▶ _DATASET EXTRACT_:
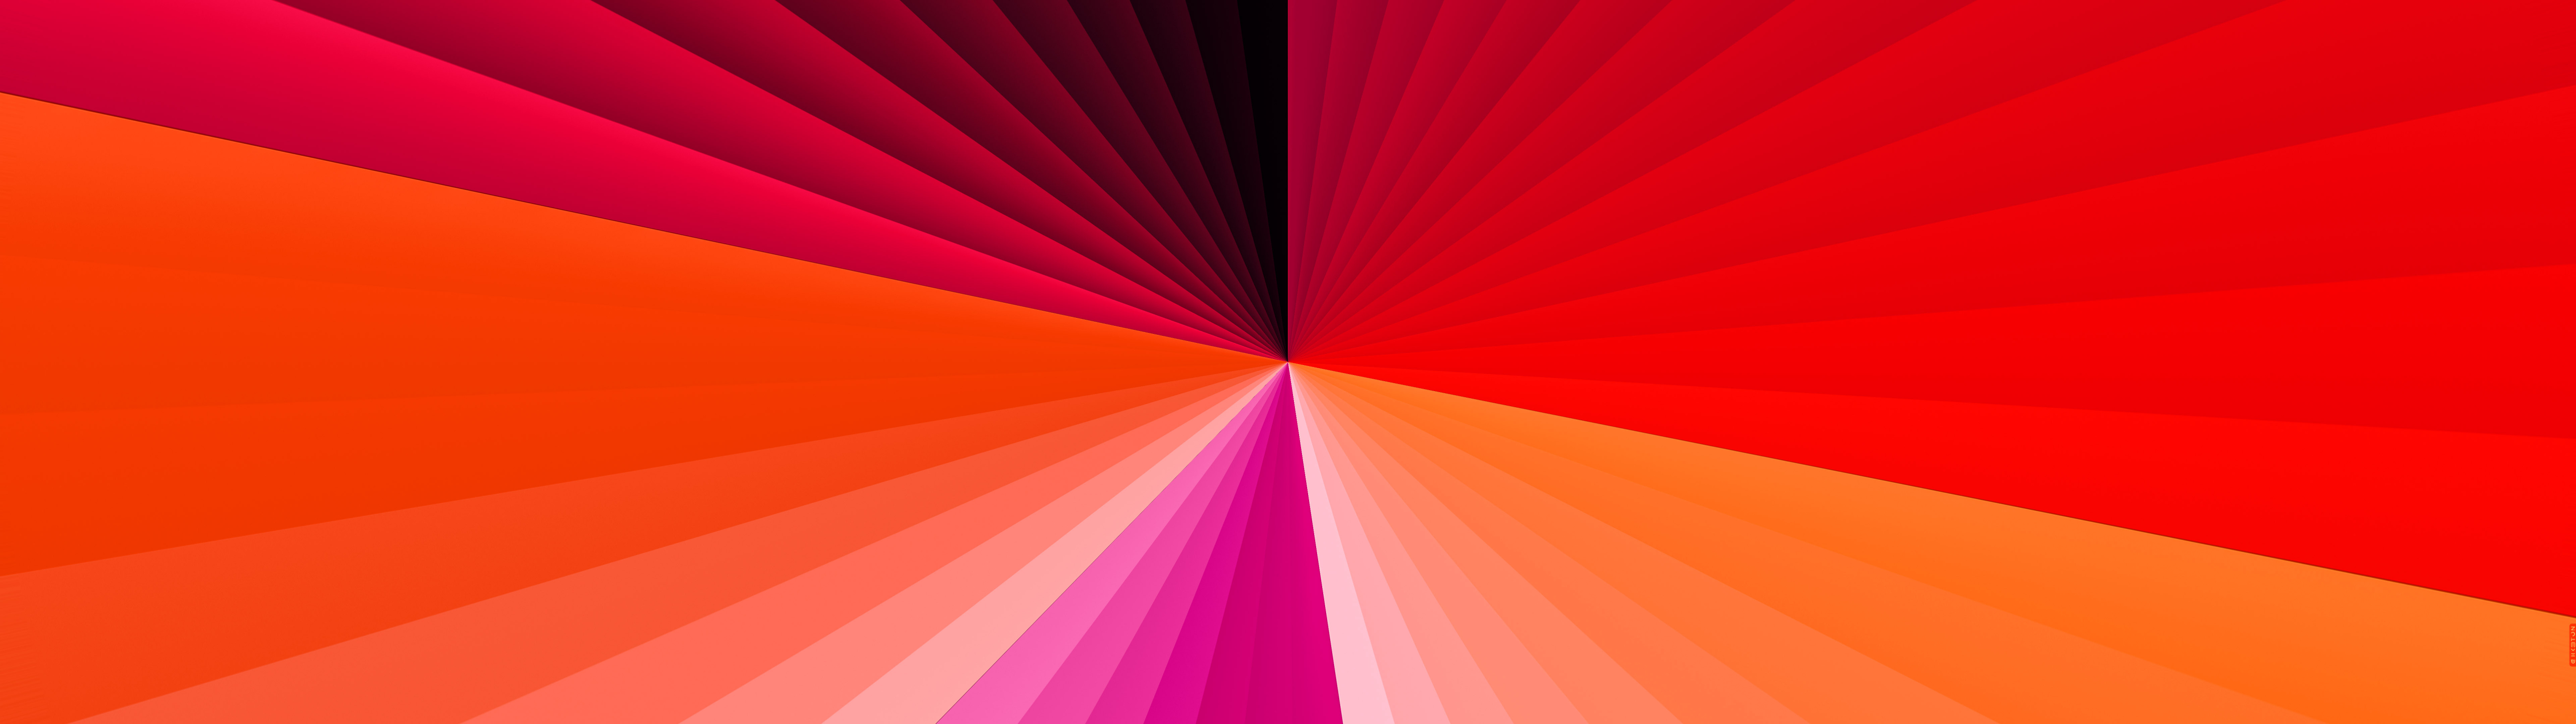 5120x1440 Gradient 8k Abstract Colors 5120x1440 Resolution Wallpaper
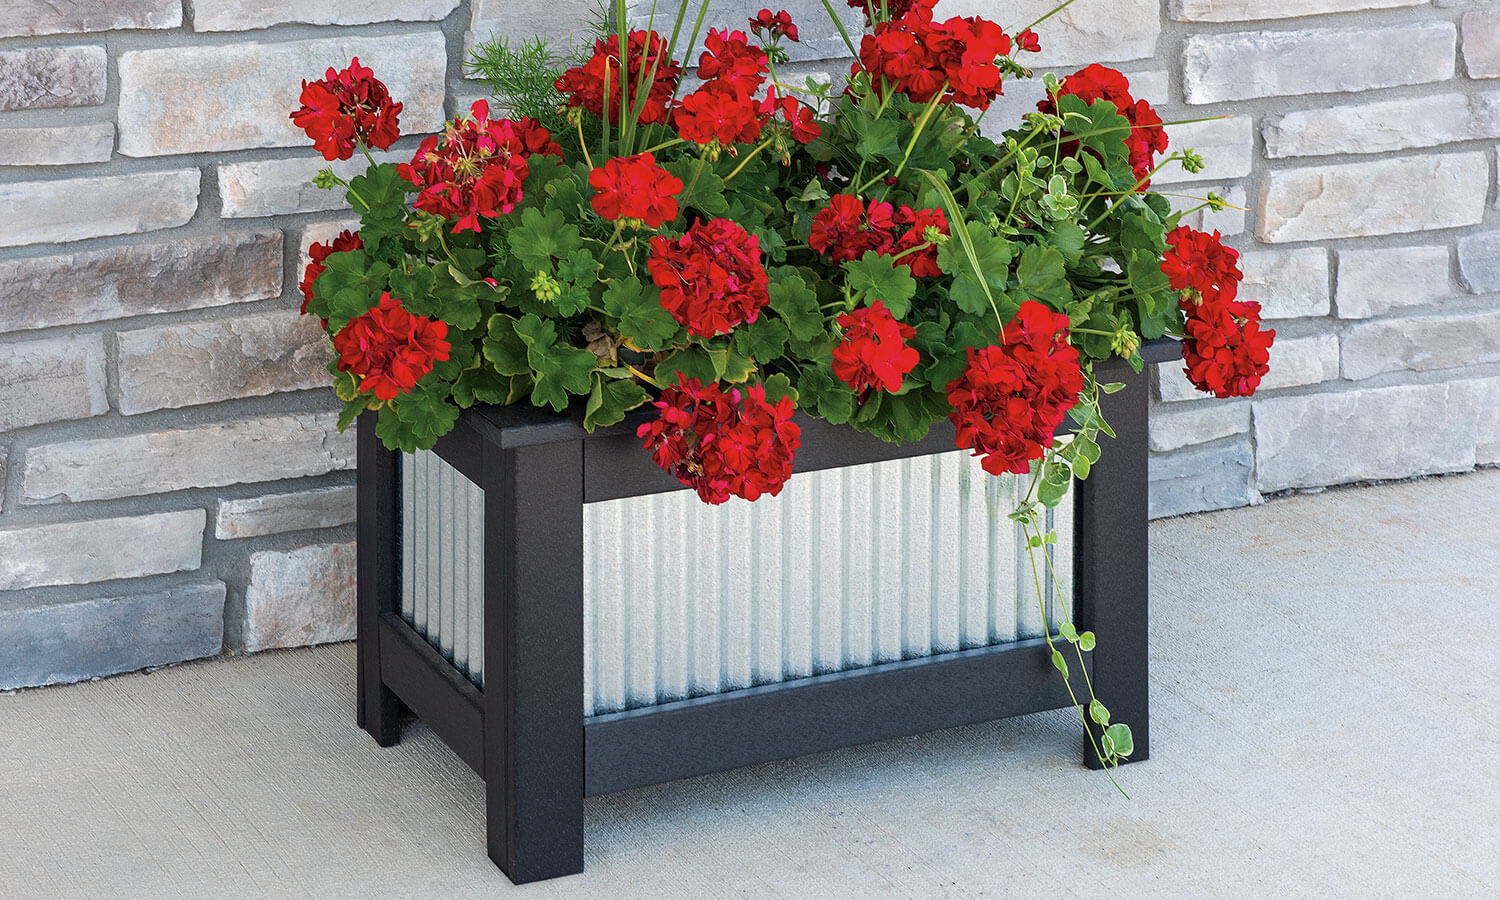 EC Woods Herb and Flower Poly Patio Planter with Metal Sides
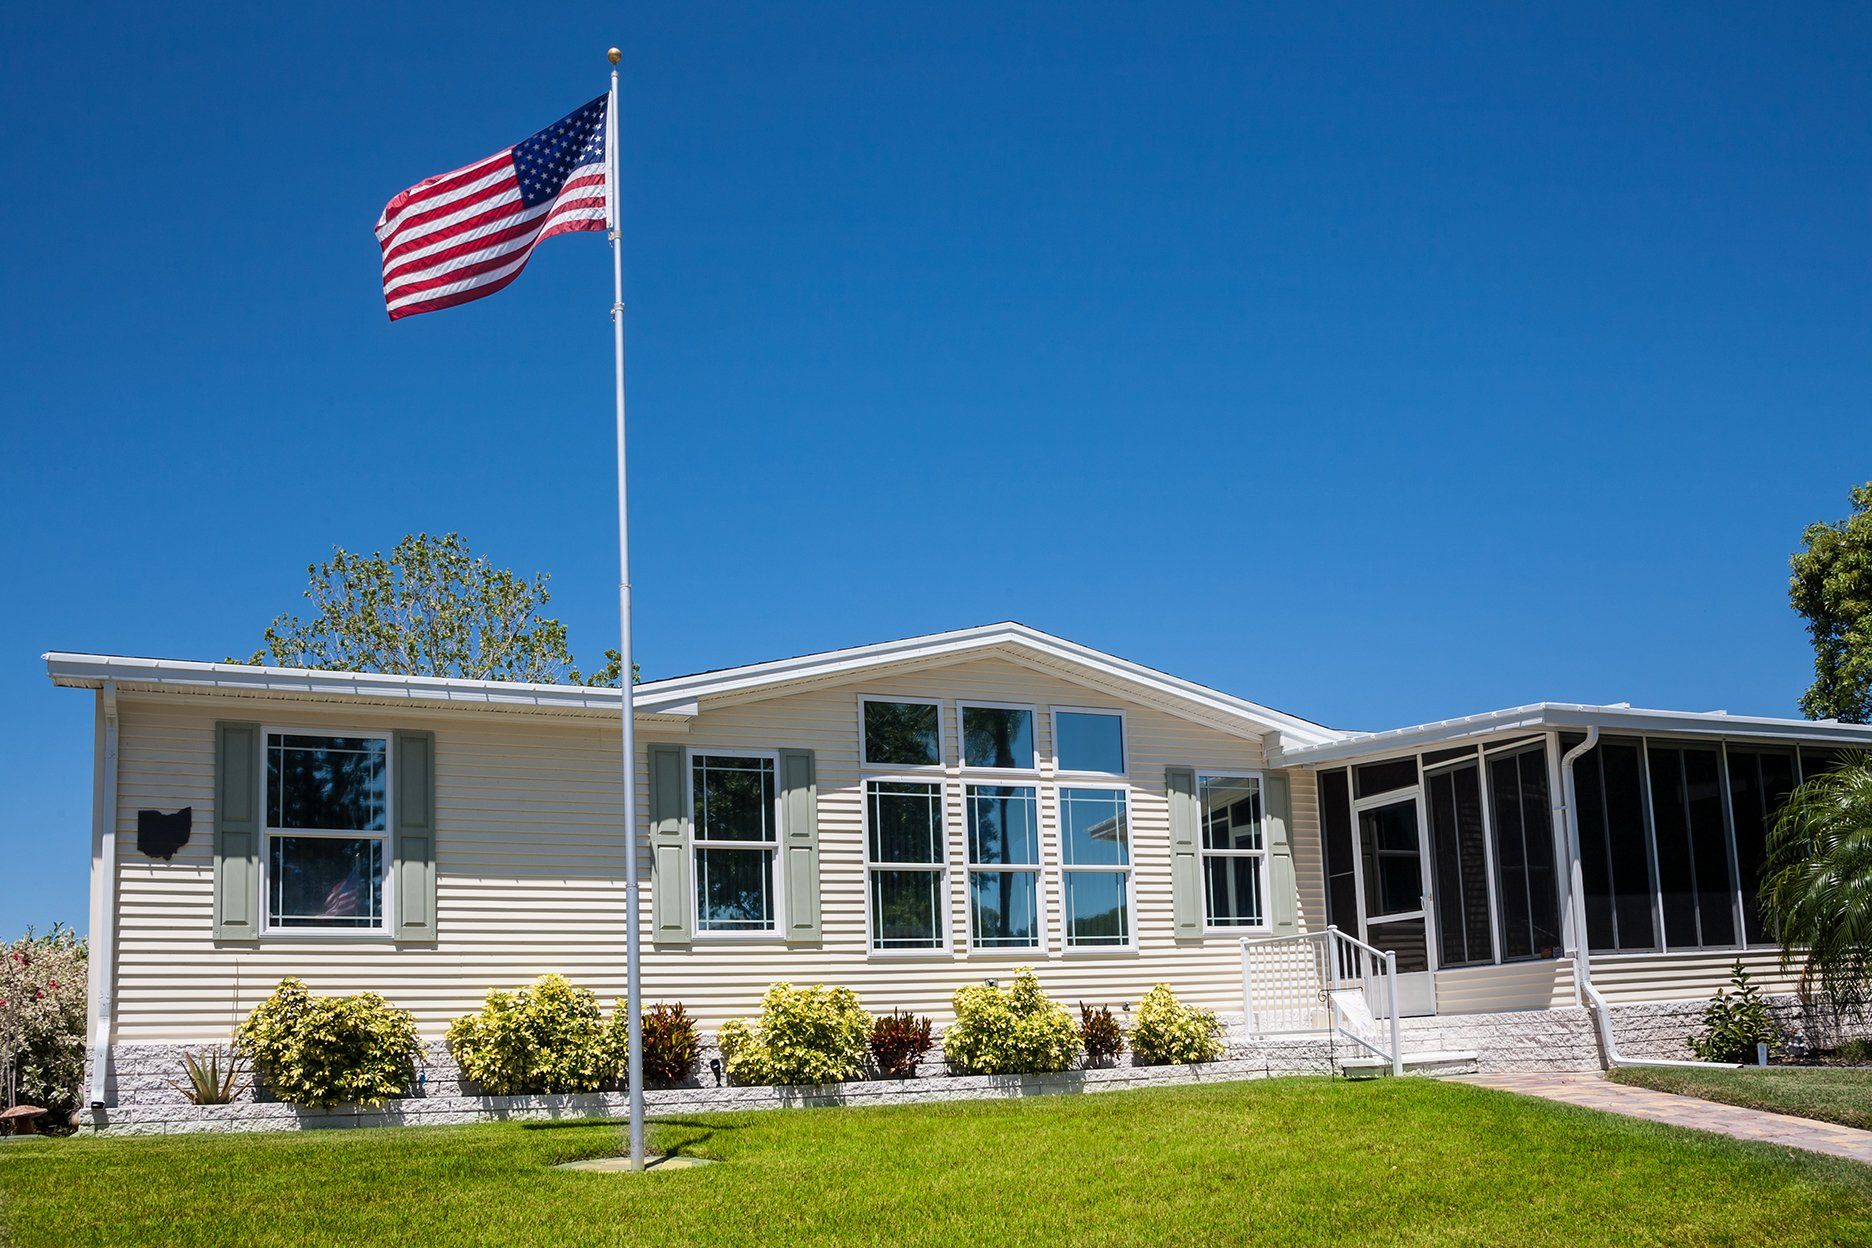 What To Look For When Buying A New Manufactured Home?

▶ _PROBLEM DESCRIPTION_:
Without the images, write out each line of the data verbatim.

▶ _WRITTEN ANSWER_:
 5120x1440 Gradient 8k Abstract Colors 5120x1440 Resolution Wallpaper
 EC Woods Herb and Flower Poly Patio Planter with Metal Sides
 What To Look For When Buying A New Manufactured Home?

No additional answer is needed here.